Es ist Donnerstag, 20.20 Uhr. Ich fahre mit dem Auto auf der Bundesstraße 85 Richtung Kulmbach, es ist kaum Verkehr. An der ersten großen Kreuzung zeigt die Ampel Rot. Ich bin der Einzige, eigentlich ...
Es ist Donnerstag, 20.20 Uhr. Ich fahre mit dem Auto auf der Bundesstraße 85 Richtung Kulmbach, es ist kaum Verkehr. An der ersten großen Kreuzung zeigt die Ampel Rot. Ich bin der Einzige, eigentlich bräuchte es sie nicht und auch keine weiteren Verkehrsschilder in die Innenstadt, überall Leere. Überall Vorfahrt. Es hat etwas Gespenstiges, so als wäre Fliegeralarm zu Kriegszeiten.
Ich stelle das Auto am Holzmarkt ab, hole das Fahrrad raus und drehe eine langsame Runde durchs Zentrum der Bierstadt. Mit Stops, um die Wirkung zu spüren, das Ungewohnte, das einen fast ein bisschen Angst macht. Am Döner-Verkaufsstand, bis 22 Uhr offen, eine junge Dame, sie hat noch Hunger, bleibt im Abstand zum Verkäufer, kein Wort zuviel, die Bestellung und "Tschüß".
Ob noch einer kommt?
Warten auf den nächsten Kunden. Ob überhaupt noch einer kommt? Wer weiß ?
Die Rathausuhr schlägt neun Mal, ich sitze länger auf der Bank vor dem "Sanremo", keine Menschenseele, keiner, der einen Hund spazieren führt, keine Katze läuft über den Weg. Ein Hermes-Lieferauto und ein Pizza-Service unterbrechen die Stille, die Plassenburg steht da wie immer, matt angeleuchtet. Vereinshaus und Rathaus in vollem Lichterglanz.

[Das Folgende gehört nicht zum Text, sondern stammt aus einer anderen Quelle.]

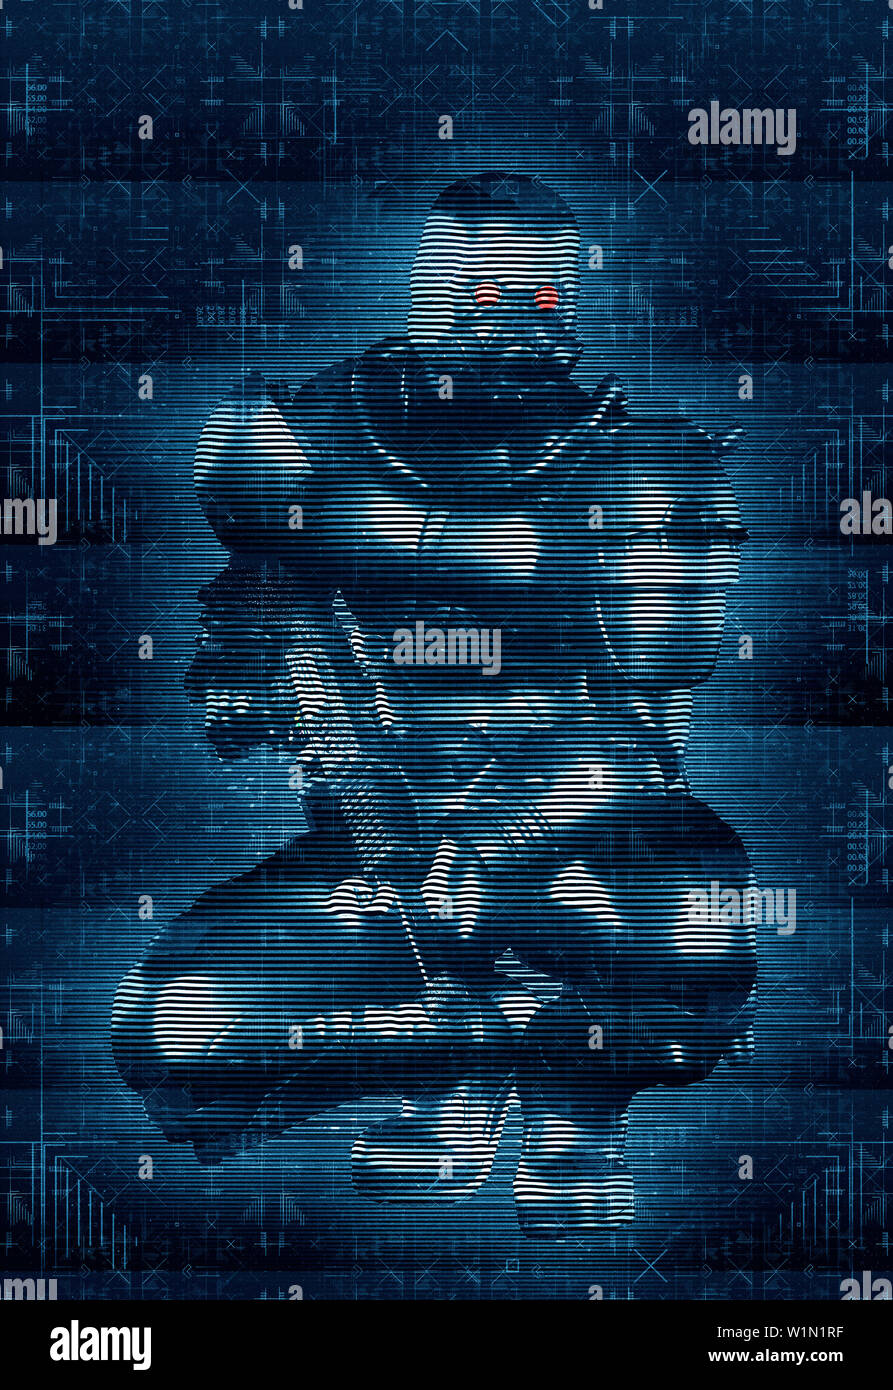 Concept of a soldier in a cyberspace war, holographic image style, 3d render, Stock Photo

Aber etwas ist anders. Wenn man von Corona nichts wüsste, würde man es einen paradiesischen Zustand nennen. Keine Abgase, keinerlei Verkehrslärm mehr, ein undefinierbares Nichts. Ein leichter Luftzug fährt über das Haar, es bewegt sich doch was. Selbst wenn mal ein Auto kommt, es hat ein anderes Tempo als gewohnt, fährt fast flüsternd , als wollte es die Stille nicht stören. Ein trügerischer Friede.
Dann gegen Zehn, auf demWeg in die Obere Stadt, zur Kirche Unsere Liebe Frau und zurück zum Holzmarkt. Eine Mutter mit kleiner Tochter und zwei winzigen Hunden, ein Mann, der nur kurz frische Luft schnappen will - und im nötigen Abstand ein längeres, nettes Gespräch mit einem, der schnell draußen eine raucht.
Einsteigen ins Auto und heim, die Kilometer werden wie auf einer Einbahnstraße abgespult.